═════ Data extract ═════
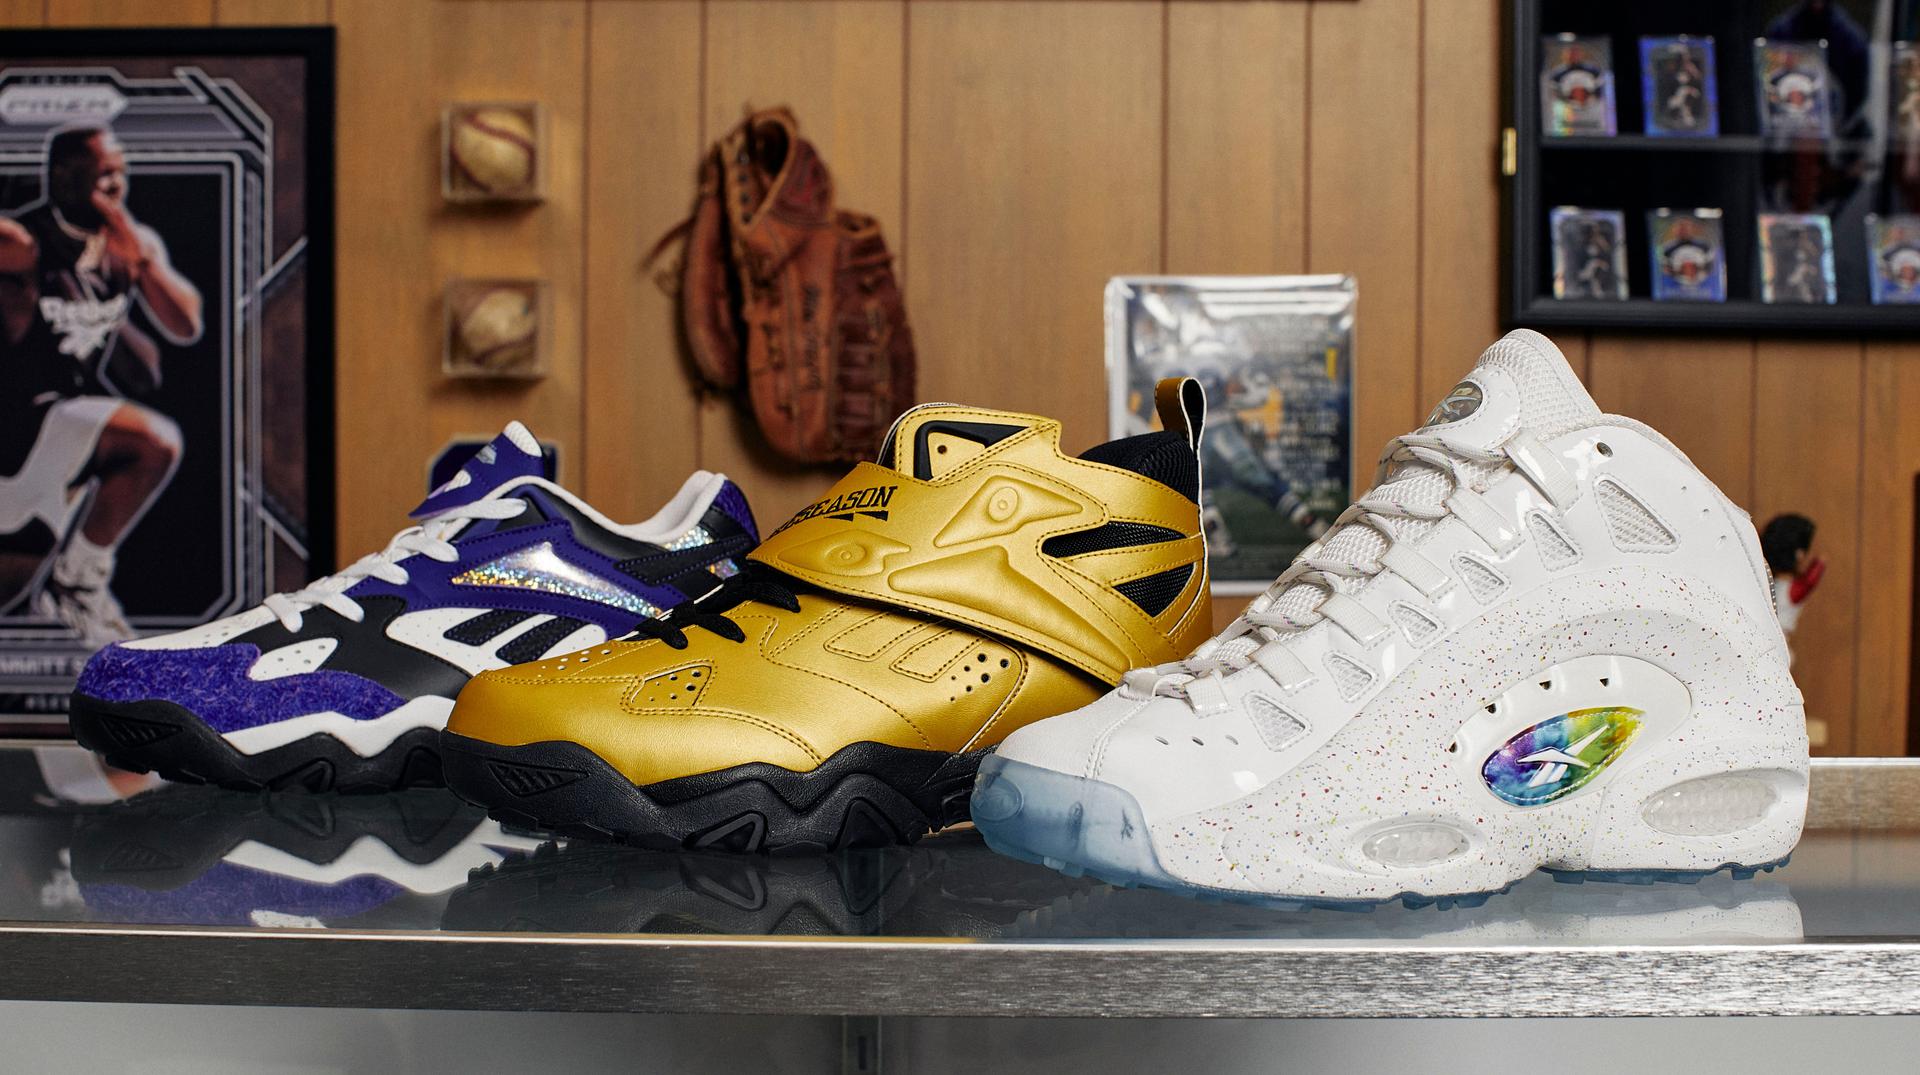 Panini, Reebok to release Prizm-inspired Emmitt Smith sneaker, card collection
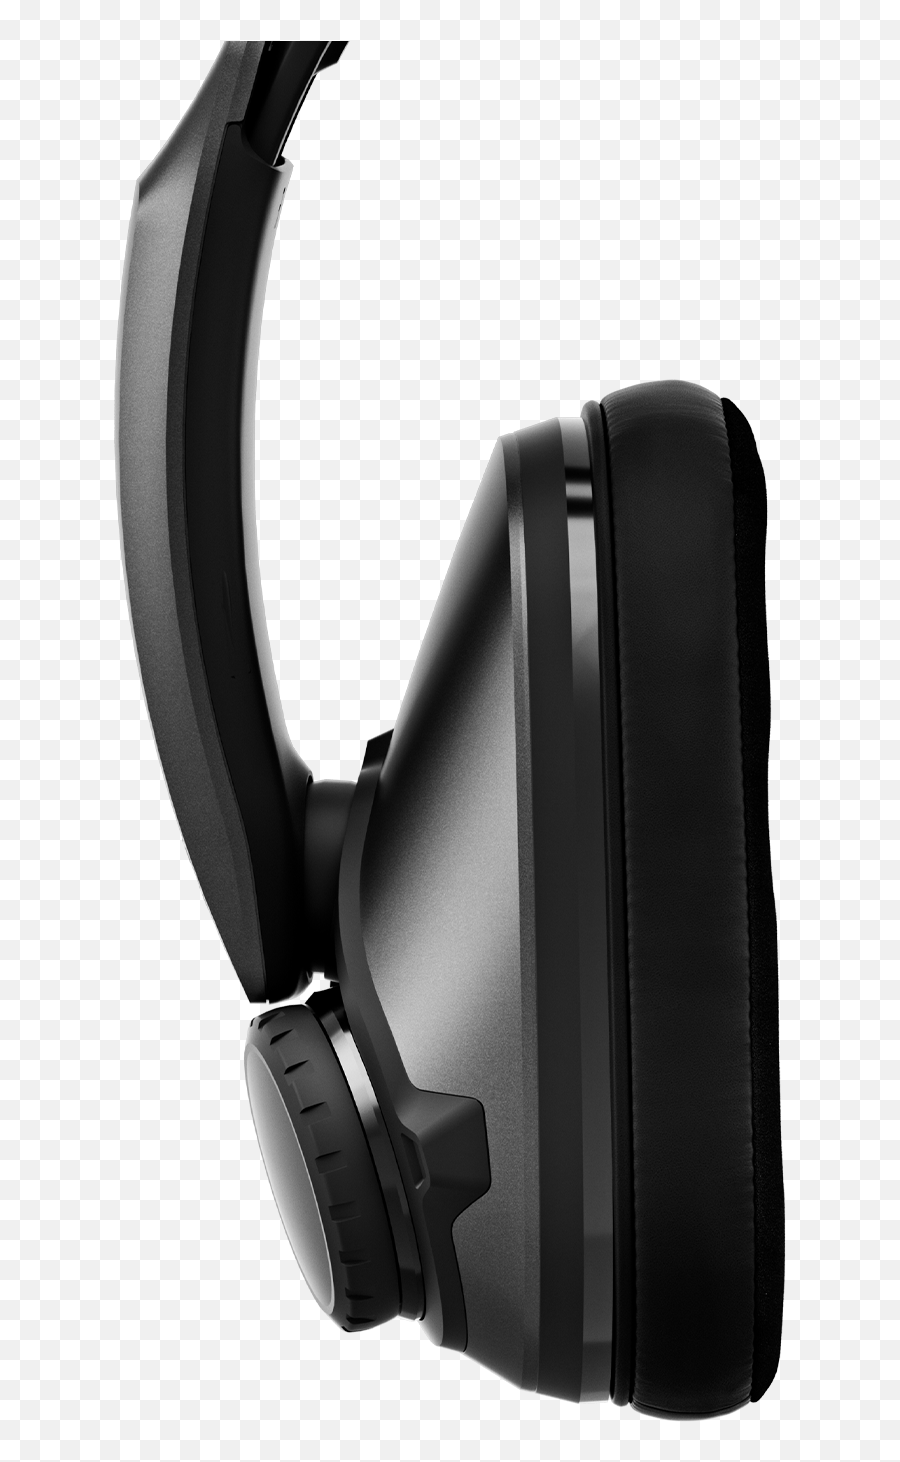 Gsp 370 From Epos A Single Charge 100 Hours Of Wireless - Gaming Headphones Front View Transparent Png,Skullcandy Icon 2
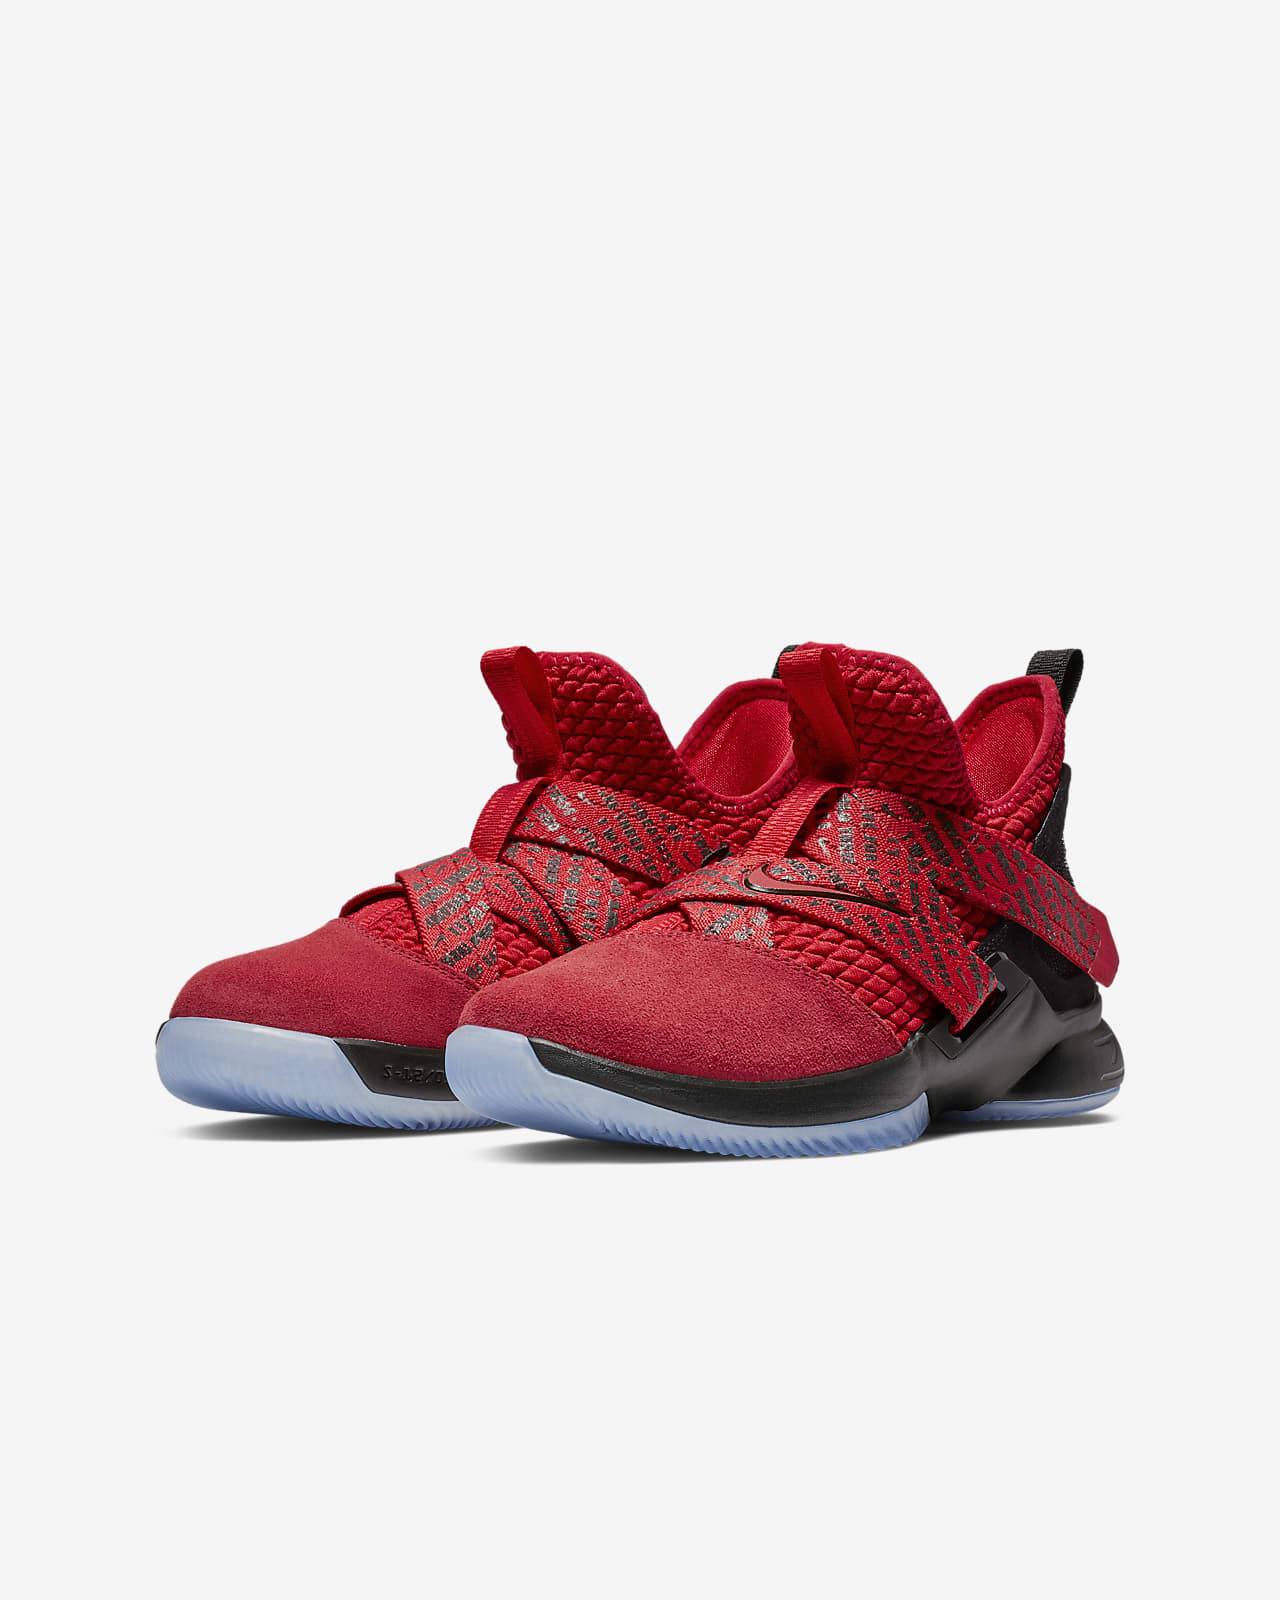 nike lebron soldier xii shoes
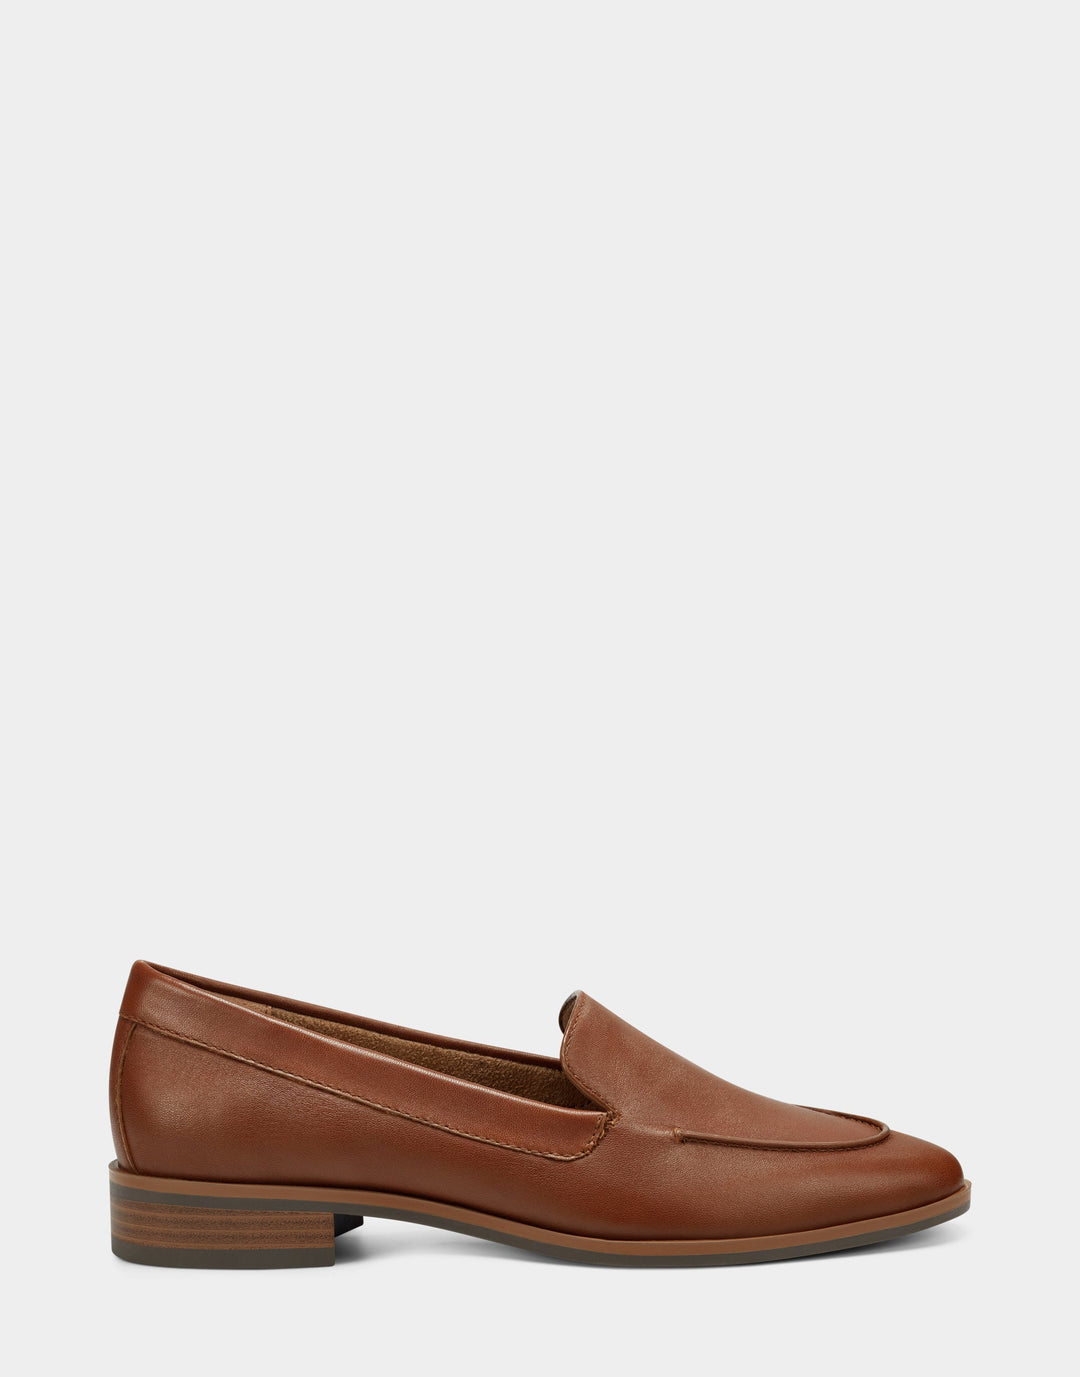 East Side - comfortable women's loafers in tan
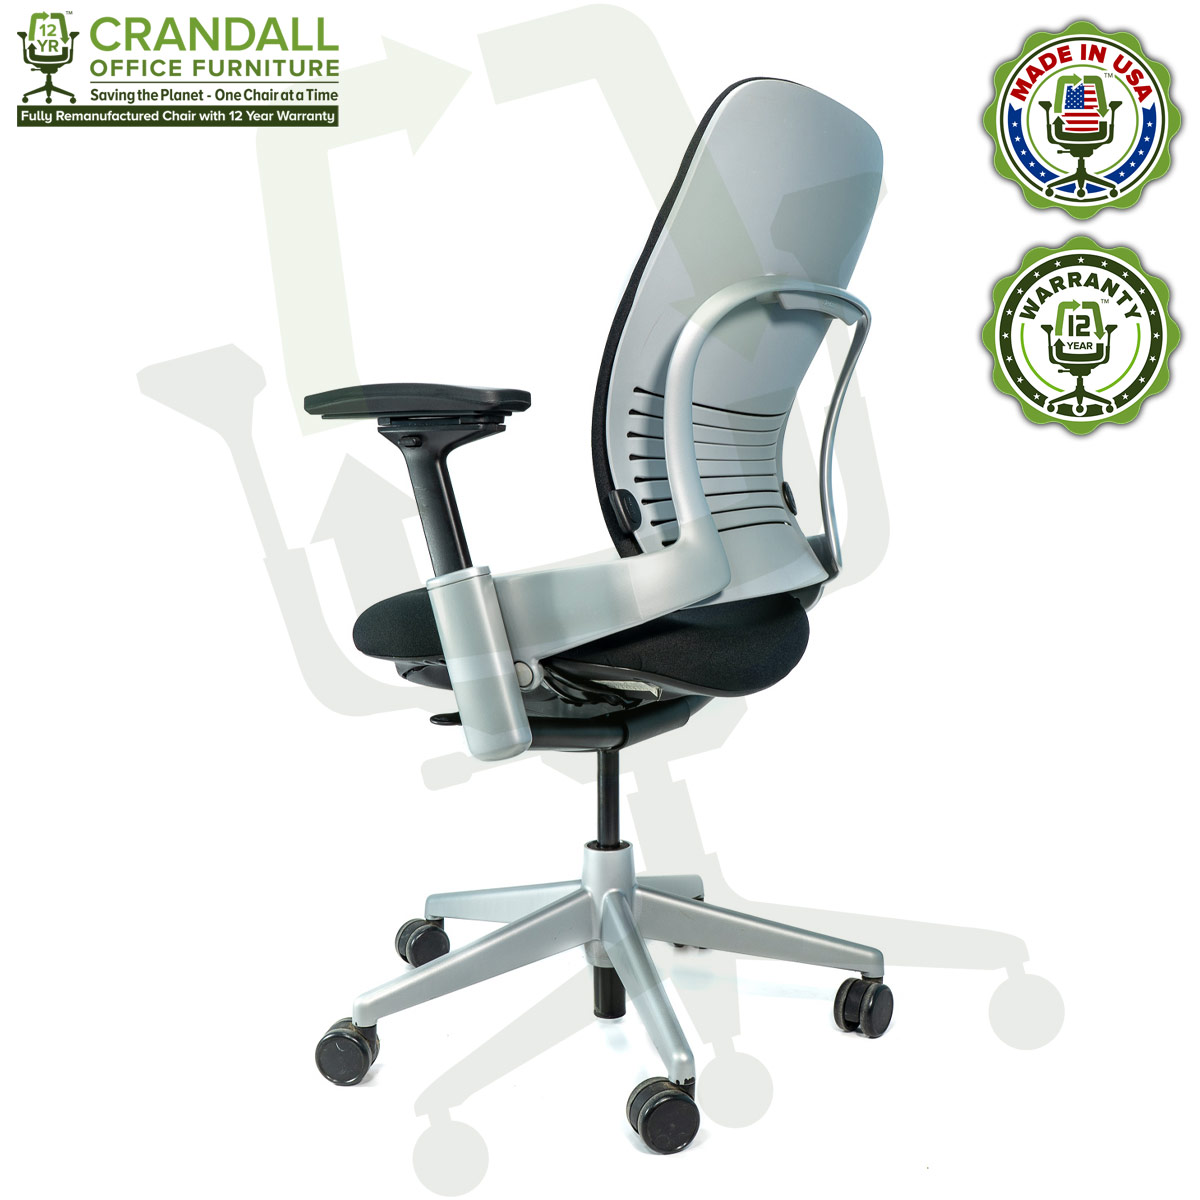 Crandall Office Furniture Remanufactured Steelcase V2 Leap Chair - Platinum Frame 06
═════
Reproduce every record exactly; images stay out.

 Panini, Reebok to release Prizm-inspired Emmitt Smith sneaker, card collection
 Gsp 370 From Epos A Single Charge 100 Hours Of Wireless - Gaming Headphones Front View Transparent Png,Skullcandy Icon 2
 nike lebron soldier xii shoes
 East Side - comfortable women's loafers in tan
 Crandall Office Furniture Remanufactured Steelcase V2 Leap Chair - Platinum Frame 06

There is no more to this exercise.